3. Characteristics of the main tasks solved in the construction of speech interface. Dynamic range of beeps.

Lecture



  3. Characteristics of the main tasks solved in the construction of speech interface.  Dynamic range of beeps.

The speech interface is a hardware-software complex, since its implementation requires the use of external (additional) hardware in relation to the computer system (microphone and audio output means, for example, headphones, as well as sound

pay). This circumstance imposes additional requirements not only at the level of developing computer programs that provide a computer with the ability to speak and hear, but also at the hardware level, on which depends, in particular, the quality of sound reproduction, speed of information processing, etc.

The main classes of speech interface tasks include:

• speech synthesis - this task includes a complex of subtasks and consists in providing the possibility of pronouncing speech by a computer based on an arbitrary spelling text;

• speech analysis and recognition - a set of tasks, including recording, digitizing and analyzing speech to recognize a received speech message by a computer system;

• understanding (interpretation) of speech is a complex of tasks related to the analysis of the meaning of speech messages and the formation of the reaction (response) of a computer system. Often this task

is a subtask of the speech recognition task;

• voice recognition - a set of tasks, including analyzing the characteristics of the speaker's voice in order to identify any of its individual (personal) characteristics and qualities.
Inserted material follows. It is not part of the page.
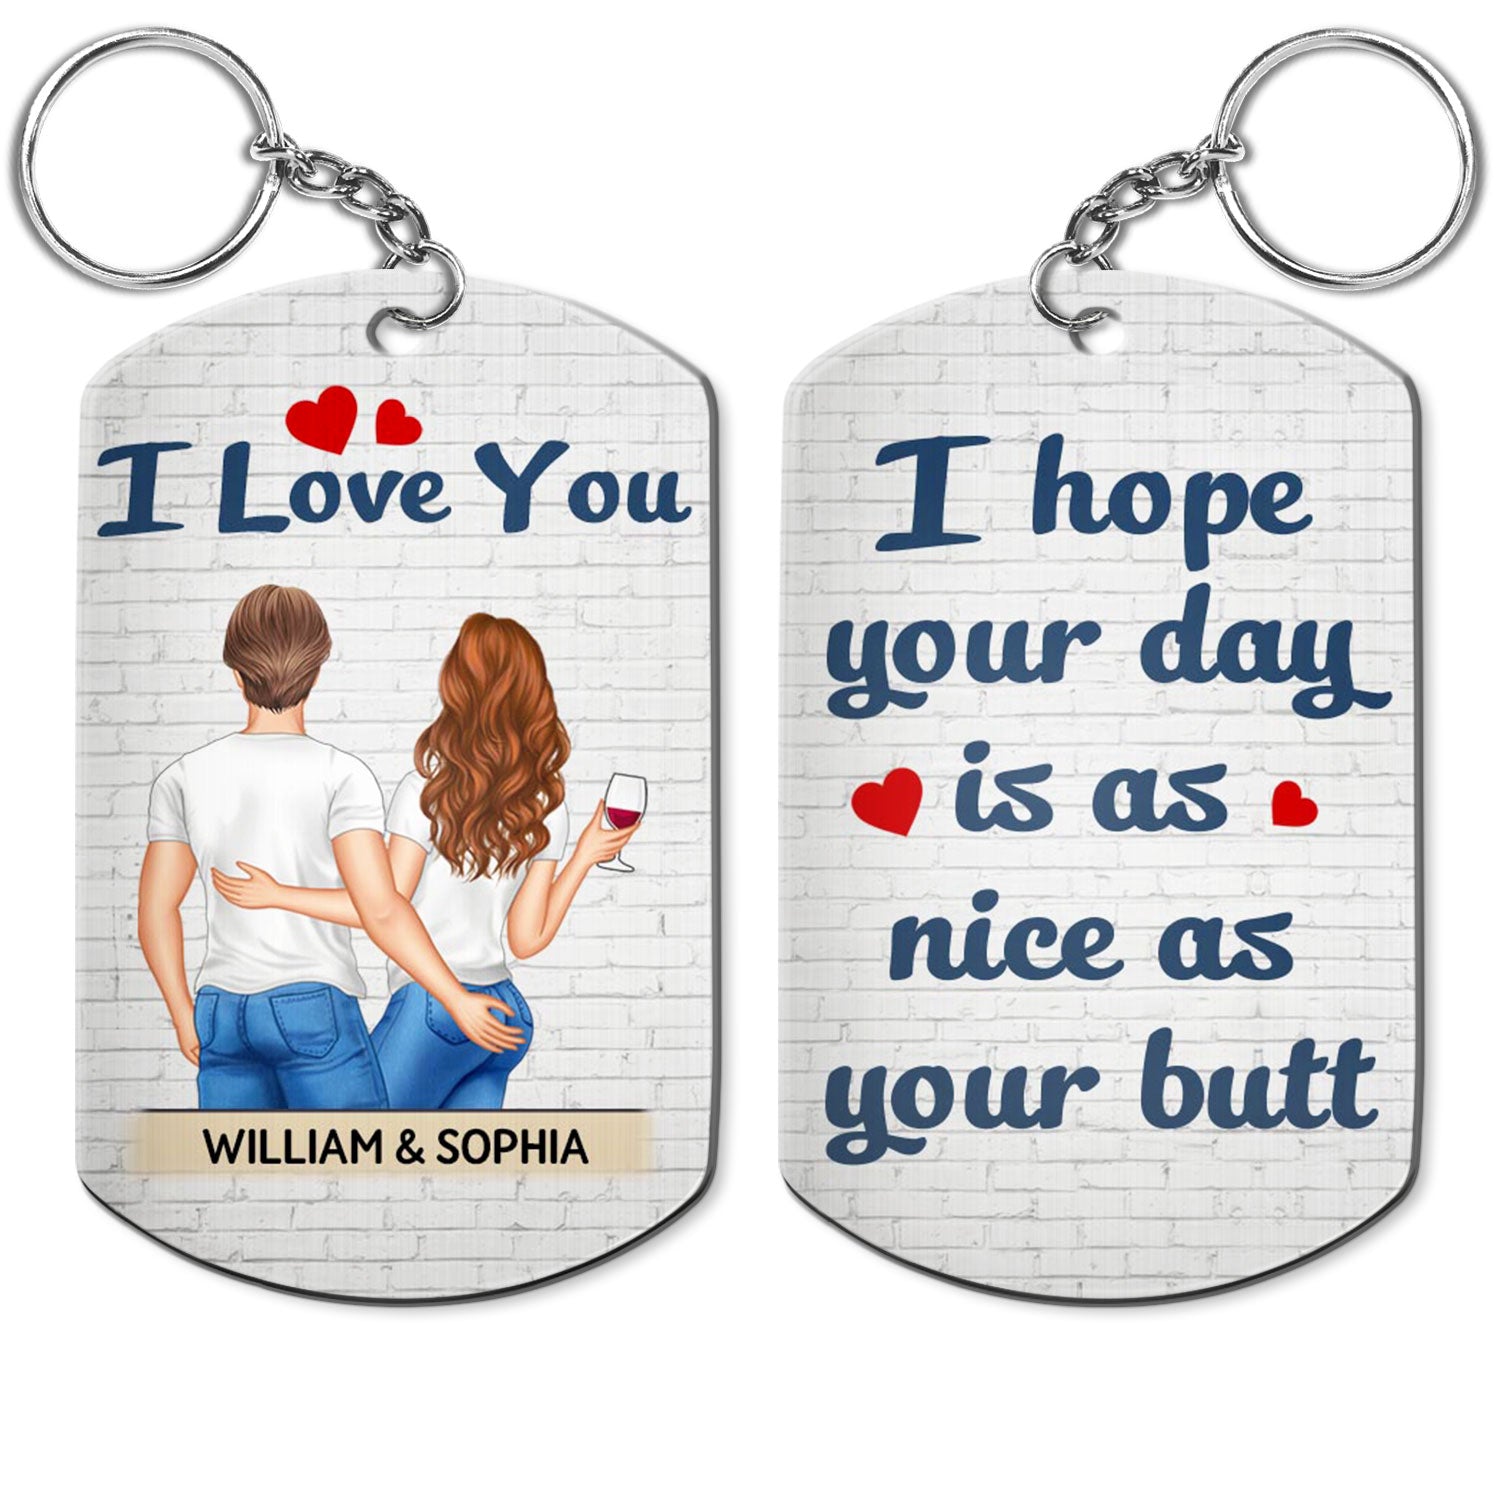 I Hope Your Day Backside - Anniversary, Vacation, Funny Gift For Couples, Family - Personalized Aluminum Keychain

This set of tasks is also called speech verification and identification;

• computer cloning of voice and diction [4] (Lobanov B.M.2002st-Comp_K_P_G) is the creation of a close copy, not biological, but computer, and not of the whole being (in this case, a human being), but only one of his intelligent features: reading arbitrary

spelling text. This task is to preserve

personal acoustic features of the voice, phonetic features of pronunciation and

accent, as well as prosodic (intonational) individuality of speech (melody, rhythmics,

dynamics).

In addition to the above tasks, which are part of the task group for developing the actual speech

interface, it should also be noted that there are a number of auxiliary tasks, the solution of which

the scientific and technical teams developing speech systems are engaged. This is due to the fact

that the task of implementing a speech interface has not yet been completely solved. There are many more

questions that many research teams are looking for both in our country and abroad. TO

Such tasks, in particular, include the following:

• study of the features of the phonetic structure of speech of various natural languages; the study of the features of the intonation coloring of the speech of various languages;

• identification of sets of parameters for the description of speech, used both for speech synthesis and for its recognition;

• development of new speech synthesis methods;

• study of the differences in the speech of different announcers and, in particular, male and female voices;

• development of new speech recognition methods;

• search for optimal ways of transmitting speech through communication channels;

• development of special noise-canceling microphones;

• development of special equipment for the study of speech characteristics;

• development of new methods for digitizing and optimal compression of the speech signal;

• development of special sound cards focused on speech synthesis and analysis;

• formation of databases with “samples” of speech of various speakers in order to increase the naturalness of the sound of synthesized speech;

• study of the structure of the human speech tract and features of the formation of speech sounds;

• study of the structure of the human ear;

• research of features of human speech perception;

• search for ways to optimally use the speech interface in various technical and consumer systems and the development of appropriate technologies, etc.

Dynamic range of beeps

A person hears sound in an extremely wide range of sound pressure. This range extends from the absolute threshold of hearing to a pain threshold of 140 dB SPL relative to the zero level, for which the pressure of 0.00002 Pa is assumed (Fig. 1.). The risk zone in this figure denotes the area of ​​sound pressure, which, with prolonged exposure, can lead to complete hearing loss. The pain threshold for tonal sounds depends on the frequency, for sounds with an arbitrary spectrum, a pressure level of 120 dB SPL is taken as the pain threshold. The graph of the absolute threshold of hearing is accurately described by empirical equality.
  3. Characteristics of the main tasks solved in the construction of speech interface.  Dynamic range of beeps.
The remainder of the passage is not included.